Convolution Neural Networks for Image feature extraction

A simple convolution neural network composed of 2 convolution layers (with maxpooling), a dropout layer for regularization, a flattening layer and 2 dense layers was used to quickly test pre-processing pipelines, and evaluate the effect of regularization (~1 million parameters, training times of a few seconds).

For this particular problem, better results were obtained from CNN deep learning models, pretrained on millions of images

The deep learning convolution neural network VGG-16 model (2014) was used in this project. However, it can easily be replaced by other models such as ResNet (2015), Inception-V3 (2015), or EfficientNet (2019) for example.

TensorFlow provides these deep learning models, pre-trained for 1000 categories using the ImageNet dataset (14 million labelled images).


Semi-supervised classification using CNN pre-trained deep learning model

The VGG-16 pretrained model (ImageNet weights) was used to detect the probability of each image belonging to a given category. These 1000 features were reduced in dimension by PCA followed by t-SNE, using the same procedures as for text classification. The result was an ARI score of 0.38, corresponding to an accuracy of around 60%

Unsupervised classification using CNN pre-trained deep learning model

To improve classification, the last two layers were removed, leaving 4096 underlying features instead of the 1000 categories. Applying dimension reduction and K-means clustering resulted in an ARI score of 0.53, equivalent to an accuracy of around 70%

Simple supervised classification

  • a simple convolution network was trained on the images.
  • overfitting was observed, so image augmentation and a dropout layer were added

Transfer Learning (supervised classification)
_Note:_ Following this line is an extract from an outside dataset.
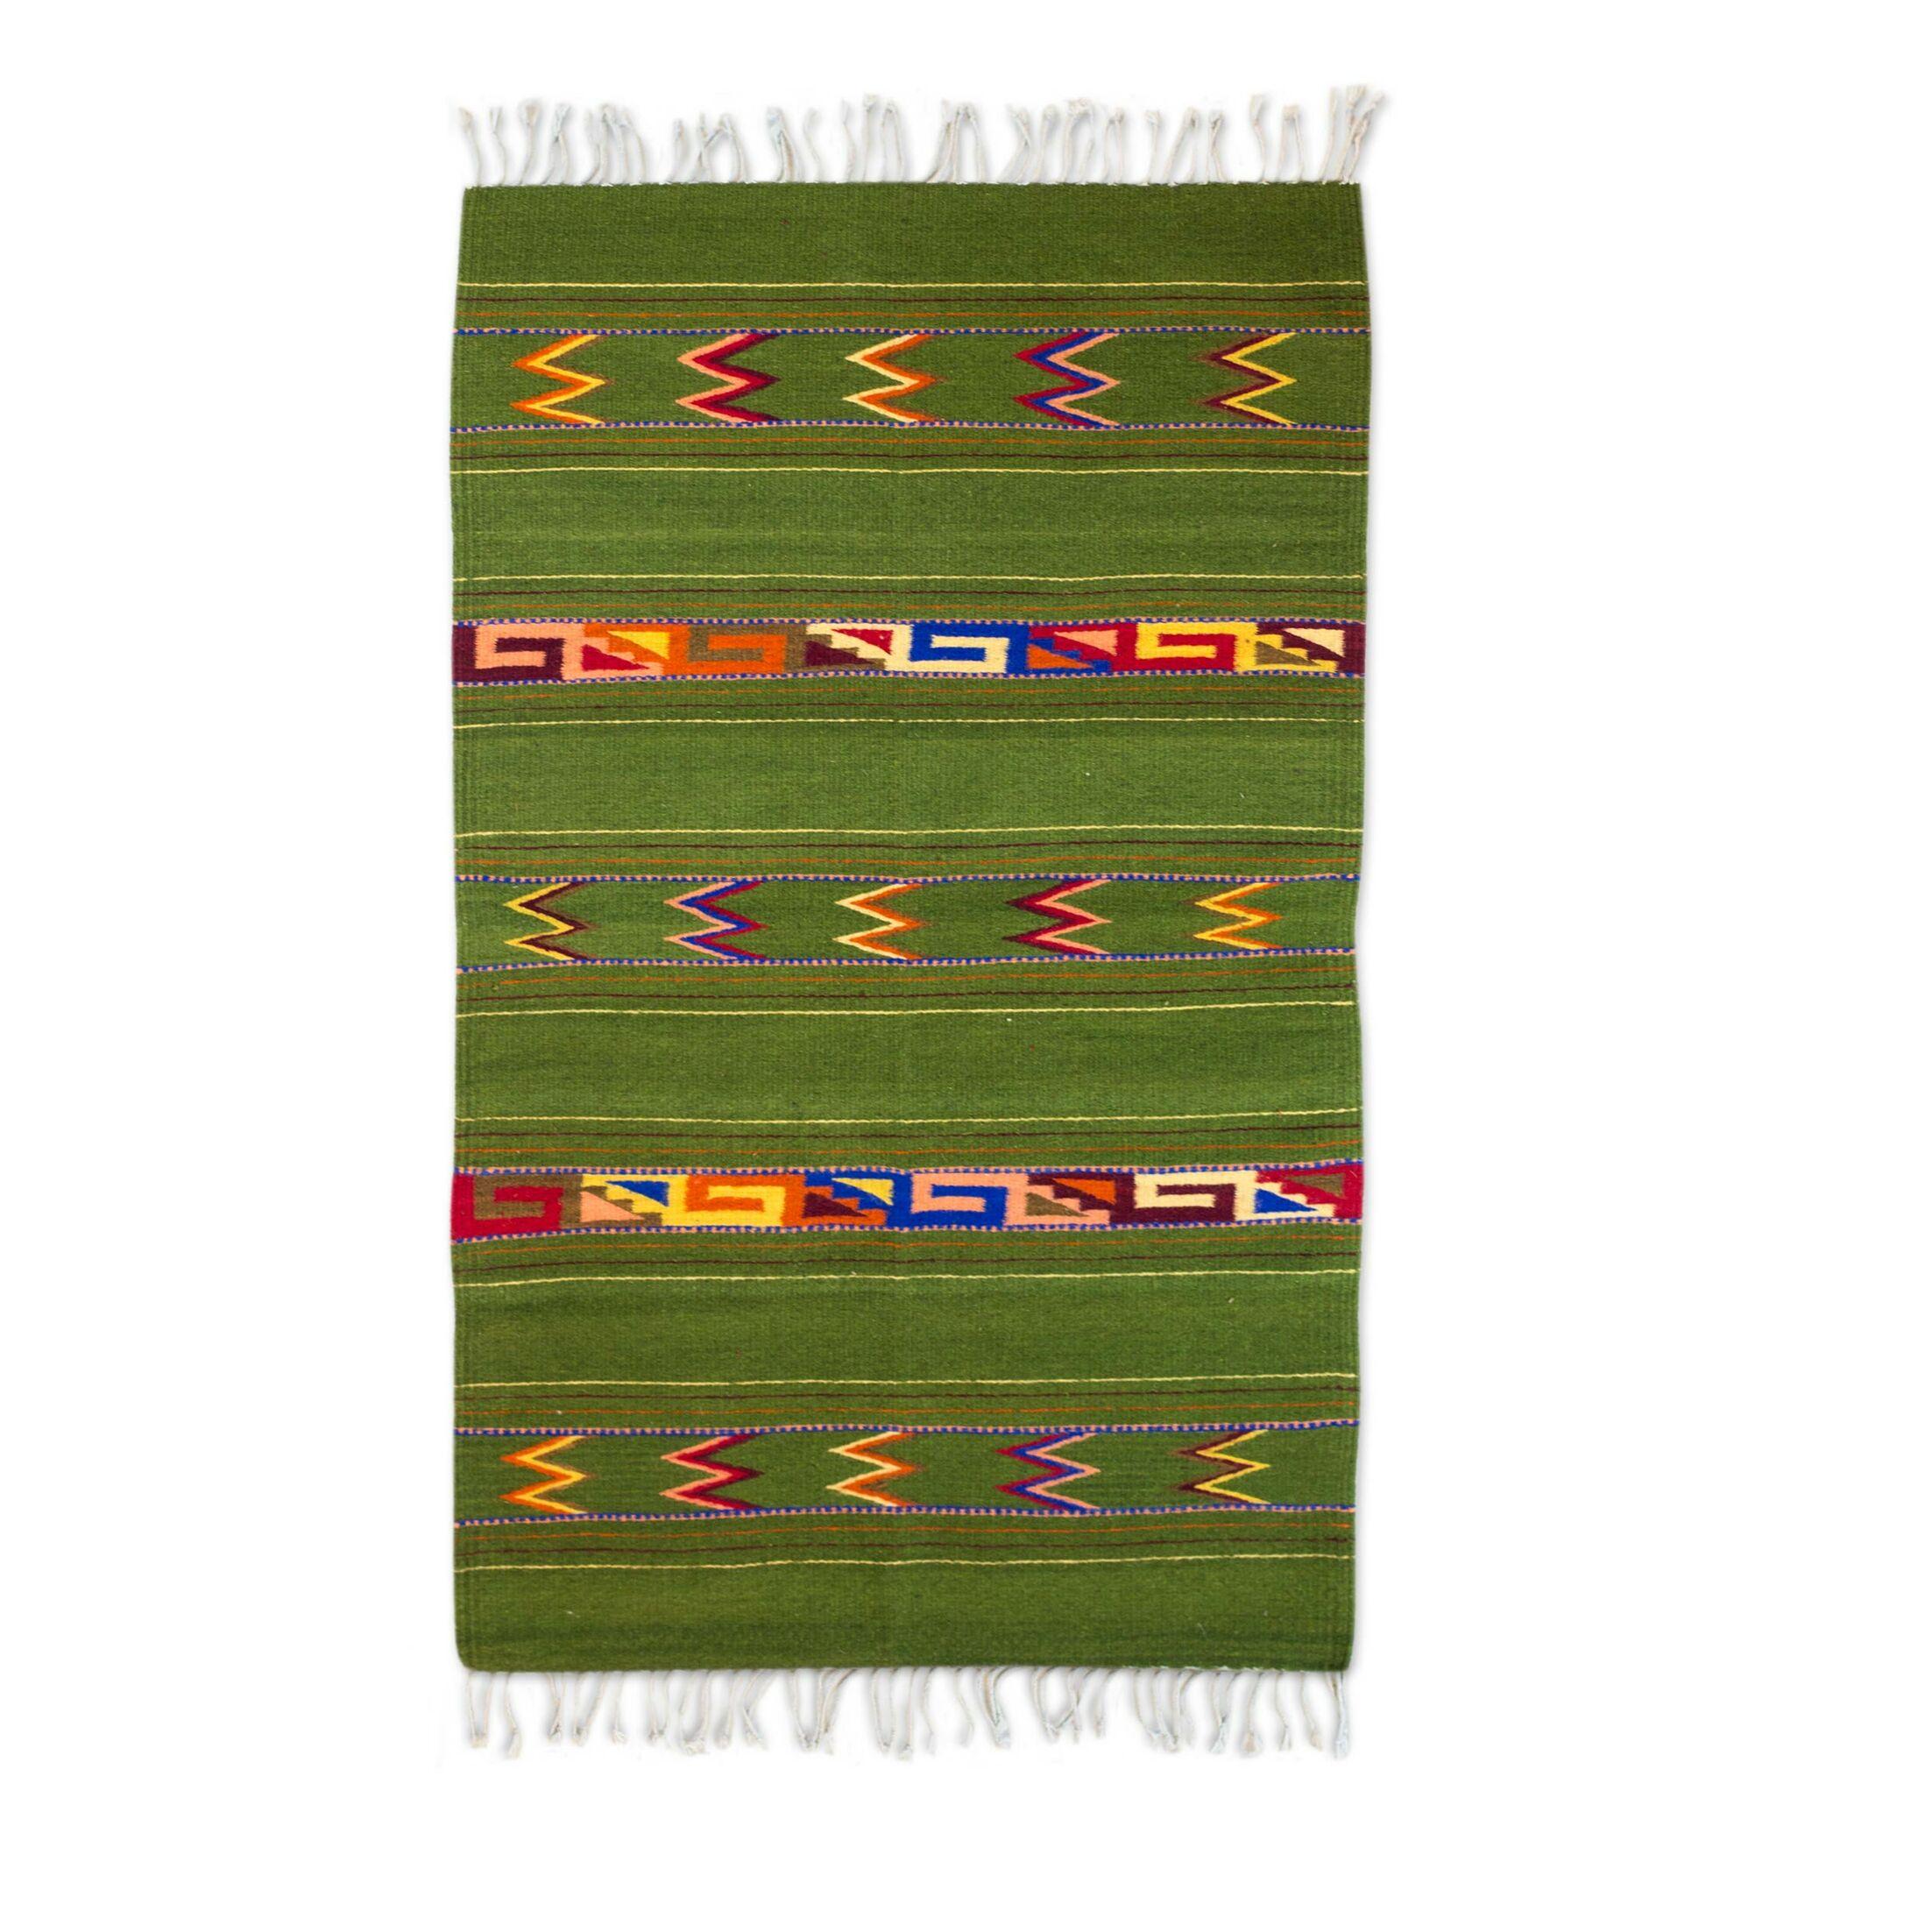 Weare Green Area Rug

  • the dense layers were removed and replaced with a flattening layer and new dense layers, along with a final softmax function to choose between the 7 categories.
  • the convolution layers were kept and their pre-trained weights were frozen to avoid losing the pretrained image features
  • fine tuning was applied by adjusting only the weights in the new dense and softmax layers, whilst freezing the pre-trained weights in the convolutional layer
  • categorical crossentropy was used as the loss function
  • the Adam optimization algorithm was used to for fast optimization (an extension to stochastic gradient descent)

Summary of image classification results

  • feature extraction using SIFT and ORB were not very successful
  • unsupervised classification using features after removing the last 2 layers of VGG-16 gave the best results for classification based soley on the images
type model ARI score
semi-supervised SIFT 0.05
semi-supervised ORB 0.04
unsupervised VGG-16 pretrained (1000 features) 0.38
unsupervised VGG-16 pretrained, last 2 layers removed (4096 features) 0.53
supervised Transfer Learning 0.45
supervised Transfer Learning after fine tuning 0.50

Text and Image features combined for unsupervised classification

The best results were obtained by combining the best text features with the best image features, resulting in an accuracy of 84%

  • This can probaly be improved using more recent deep learning model for word embedding and image transfer learning.

Conclusion

The images are visualised on the t-SNE axes for the final model (text and image features combined):


Possible Improvements

  • Remove as much noise as possible in the text descriptions (example: stop phrases) and in the images (equalization and noise filters) :
    • pre-processing has a major impact on the performance
  • Replace VGG-16 with recent (pre-trained) deep learning models are faster, more efficient, more accurate
  • Try out different dense layer and regularization mechanisms
  • Adjust the learning rate during fine-tuning of the transfer learning model
  • Add the text features extracted by TF-IDF as inputs to the deep learning model, alongside the image features extracted by convolution layers, before fine-tuning the weights of the final dense layers and the softmax layer.
  • Alternatively, fine tune a Keras word embedding model, then extract the features from one of the final layers as input to the image dense layers

Features (keywords)

text classification, natural language processing (NLP)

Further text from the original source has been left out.